Идет писательское собрание. На трибуне с пламенной речью — пожилая дама, известная общественница, автор книг о воспитании молодежи. Клеймит проклятое прошлое, ратует за перестройку. А между тем только что в печати опубликовано письмо ее сверстника, прекрасного писателя Юрия Домбровского, в котором он рассказывает, как эта дама во время оно объявила его антисоветским человеком и помогла засадить в ГУЛАГ. Домбровского давно нет в живых, а она — не опровергла, не покаялась, как ни в чем не бывало шествует по жизни.
Разворачиваю свежий номер журнала «Новый мир». Читаю подборку стихов незаслуженно забытого поэта (талантливо!), а на душе кошки скребут: из лубянских архивов знаю, что он заложил целую плеяду таких же, как он, да и более талантливых, например Даниила Андреева[195] — поэта-философа, сына известного русского классика. Надо ли теперь сообщать об этом читателю? Может, лучше узнать даровитого поэта, чем еще одного стукача?
Включаю телевизор.
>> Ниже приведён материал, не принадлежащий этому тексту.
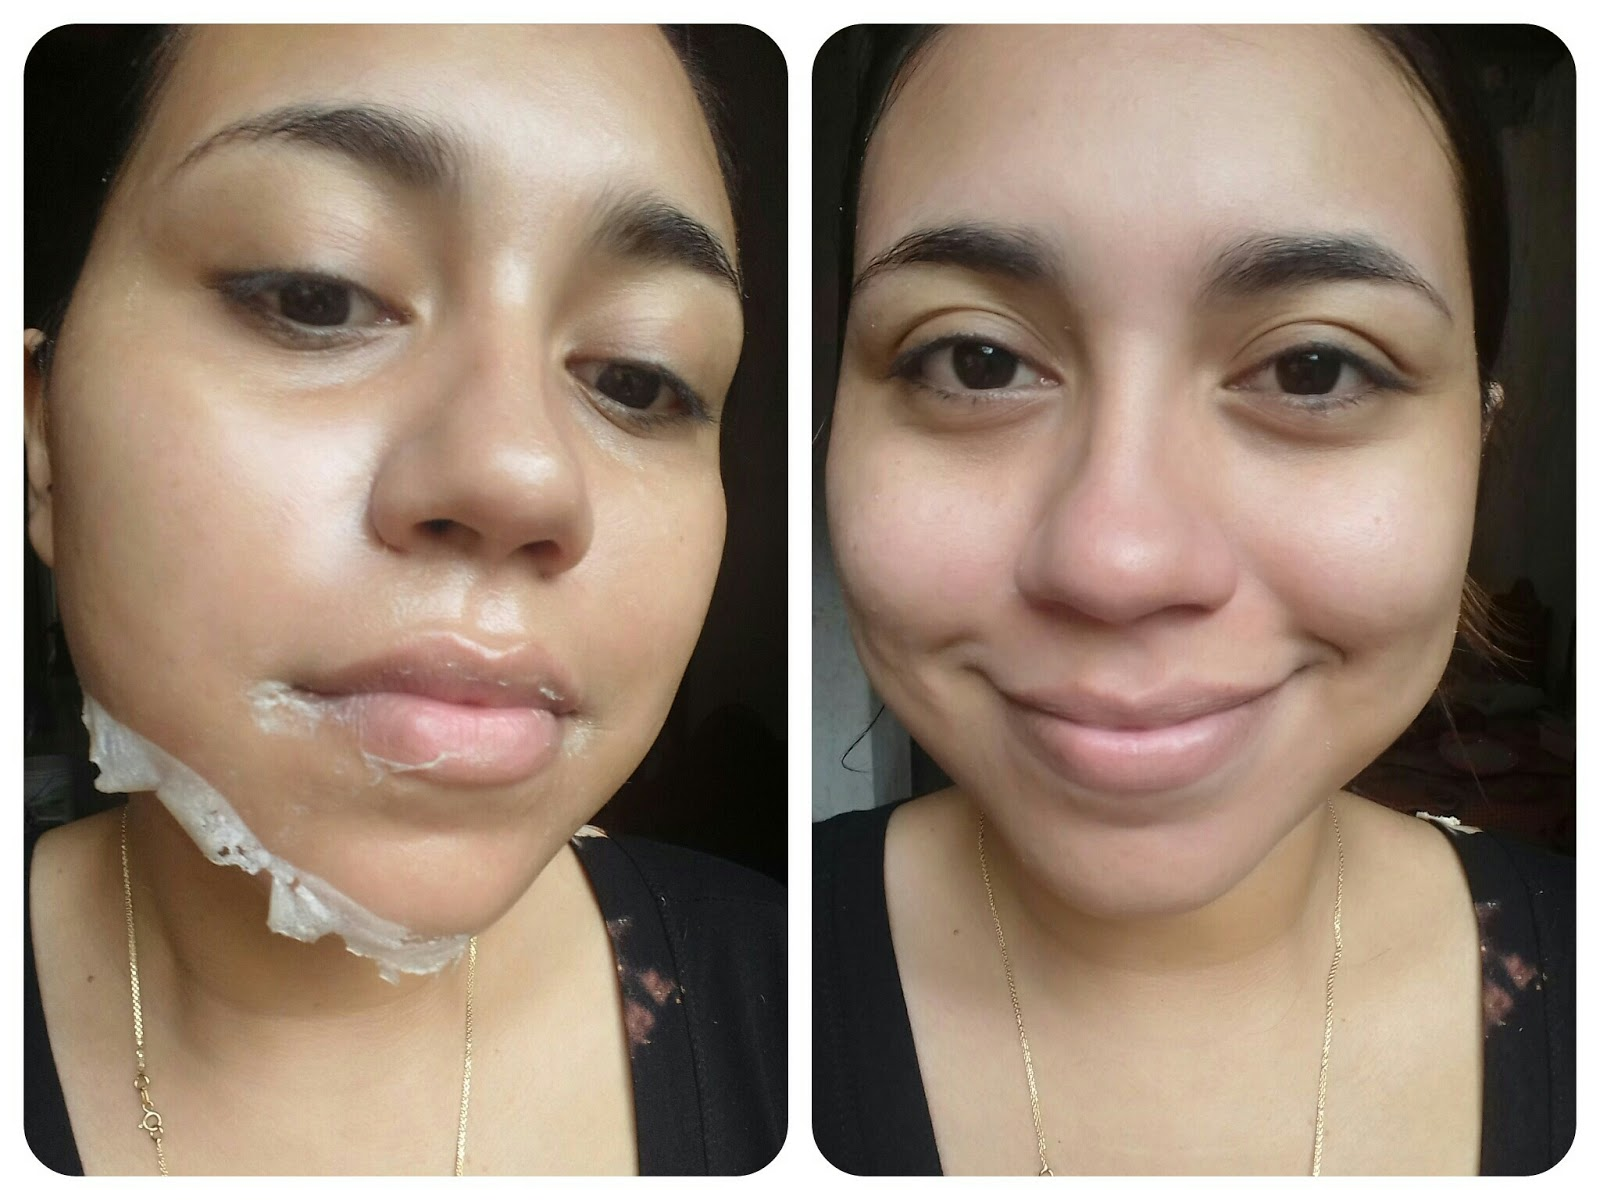 Máscara para retirar cravinhos do rosto.

Ведущая передачи, пленяя зрителей лучистыми рысьими глазами и вкрадчивым голосом, вспоминает о своих давних друзьях — служителях искусства, канувших в Лету. Неужели это она — юная студентка Литературного института — давала характеристику на другого студента, яркого и многообещающего Аркадия Белинкова[196], называла его антисоветским элементом, после чего он был осужден, больше десяти лет провел в лагерях и рано ушел из жизни?
Когда наша Комиссия по наследию репрессированных писателей начала работу, тут же пошли телефонные звонки:
— Вы не имеете права этим заниматься! Это дело государственных органов! Вы еще пожалеете! Мы найдем на вас управу!
Кому наша комиссия не понравилась, встала костью поперек горла? Прежде всего тем, кому было что скрывать, чего бояться, — палачам и доносчикам. В Союз писателей и в редакции, где публиковались наши материалы, посыпались письма-угрозы вроде этих:
«Злые мстители писатели! Создав комиссию, вы доказали, что злость и яд берегли для мщения над мировым победителем — И. В. Сталиным. Какой позор!!! Вы же писатели или вы предатели? Кому же вы мстите? История никогда не простит вам предательства. История осудит тех, кто платит черной неблагодарностью товарищу Сталину. Все было справедливо. В каждой республике, области и районе судили людей коммунисты и народ их поддерживал. Все было по закону!»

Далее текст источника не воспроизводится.